To load data from perticular sheet we need to use .parse() function by passing the sheet name or sheet index. Pandas is clever enough to understand you are passing a sheetname or an index.

In [24]:
df1 = data.parse("2002")

In [25]:
df2 = data.parse(0)

### SAS or Stata files

SAS is an acronym for * "Statistical Analysis System" * where as Stata is contraction of *"Statistics"* and *"Data"*. The former is used in business analytics and biostatistics while the later is popular in academic social sciences research such as Economics and Epidemiology.

SAS files are important because SAS is a software suit that performs following steps.
- Advance analytics
- Multivariate analysis
- Business intelligence
- Data Management
- Predictive analytics
- Standard for computational analysis

The most common file extention for SAS files are **.sas7bdat** or **.sas7bcat** which are dataset files and categorical files respectively. The former files can be imported as follows.

In [26]:
from sas7bdat import SAS7BDAT

with SAS7BDAT('sales.sas7bdat') as file:
    df_sas = file.to_data_frame()

Stata files have extention **.dta** and we can import them using pandas as follows.

In [27]:
data = pd.read_stata('disarea.dta')

### HDF5 files

HDF5 stands for *"Hierarchical Data Format version 5"*. This is a standard mechanism for storing large quantities of numerical data. Now how large are we talking ? It is relatively common to deal with datasets which can be hundreds of gigabytes or terabytes. HDF5 itself can scale to exabytes.
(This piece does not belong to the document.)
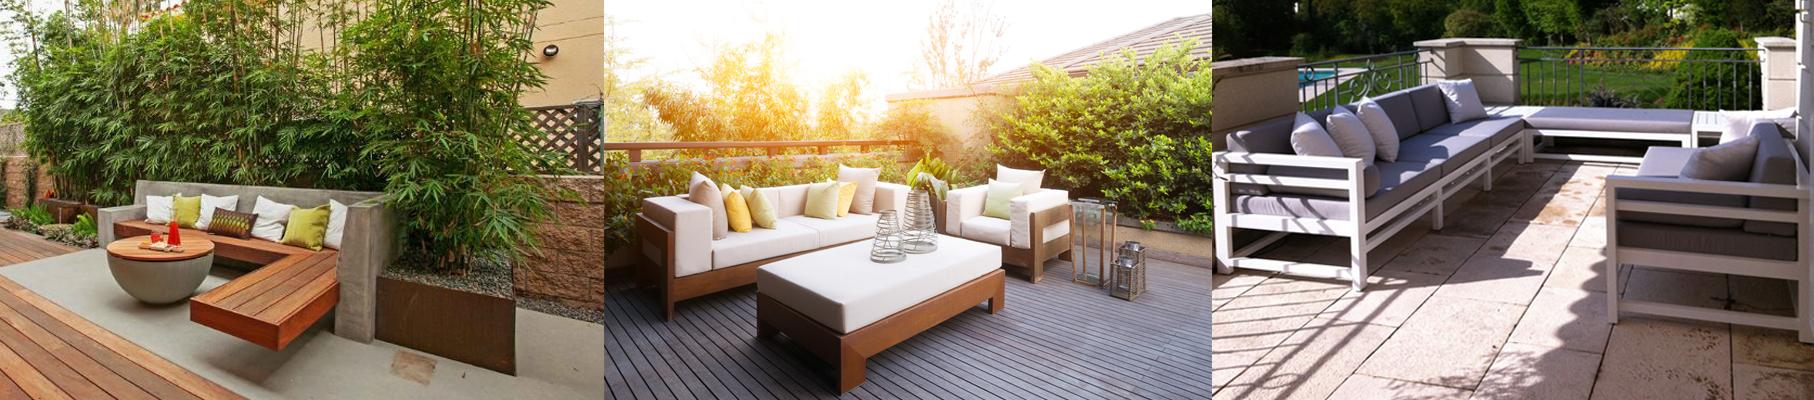 mobilier terrasse exterieur mobilier terrasse exterieur with mobilier terrasse exterieur. Black Bedroom Furniture Sets. Home Design Ideas
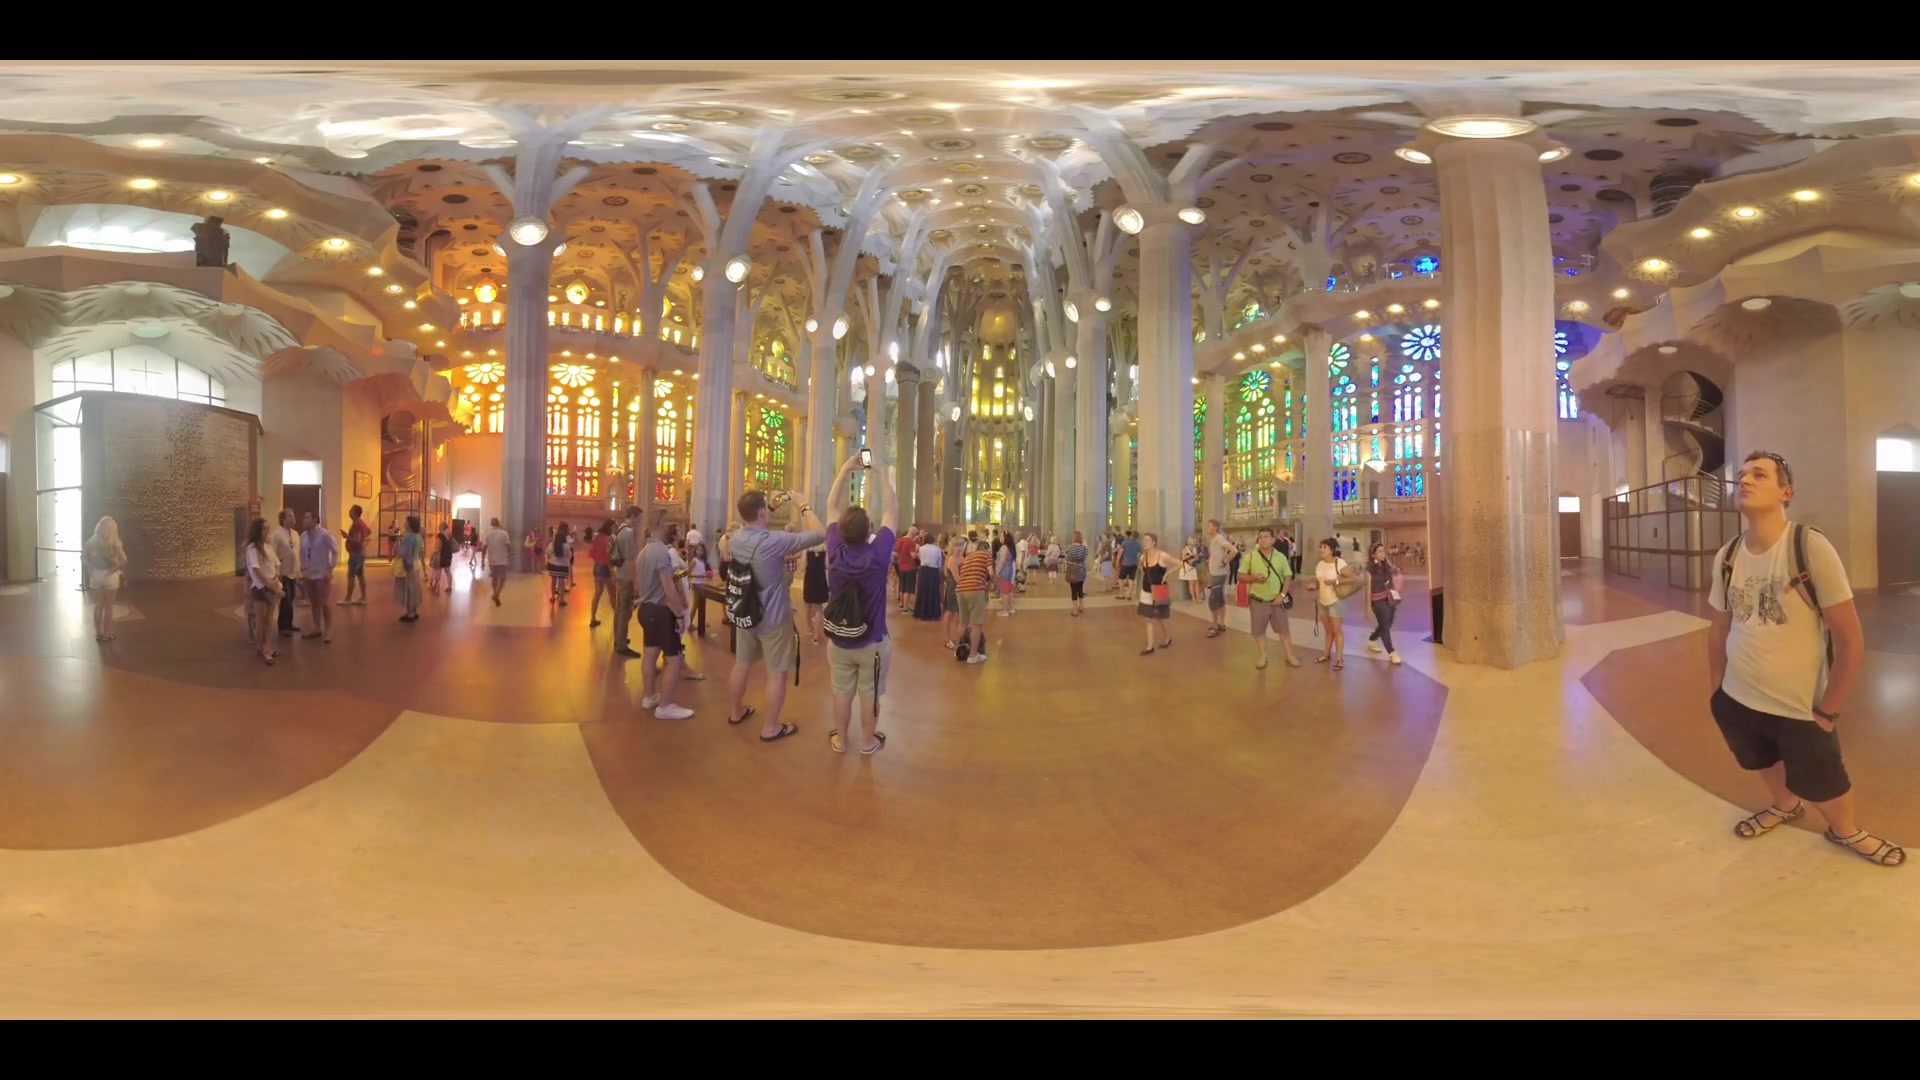 360 VR Visitors enjoying unique architecture inside Sagrada Familia, Barcelona

We need to import package h5py to extract data from such files.

In [28]:
import h5py

In [29]:
data = h5py.File('L-L1_LOSC_4_V1-1126259446-32.hdf5','r')  # 'r' is to read

In [30]:
#check the type of variable 'data'
print(type(data))

<class 'h5py._hl.files.File'>


**The structure of HDF5 files**

In [31]:
for key in data.keys():
    print(key)

meta
quality
strain


As you can see above, there are 3 keys. Each of these is a HDF group. You can think of these groups as directories.

- meta : Meta-data for the file
- quality : Refers to data quality
- strain : This is the data of interest.

### MATLAB files

MATLAB which is a short for Matrix Laboratory is a numerical computing environment that is an industry standard in the space of Engineering and Science. Lot of people use MATLAB and save data as **.mat** files.

The standard library *scipy* will allow us to read or write .mat files.

In [32]:
import scipy.io

mat = scipy.io.loadmat('ja_data2.mat')

In [33]:
print(type(mat))

<class 'dict'>


As you can see, the data imported from matlab files is stored as dictionary in Python workspace. The mapping is as follows.
- keys : MATLAB variable names
- values : object assigned to variables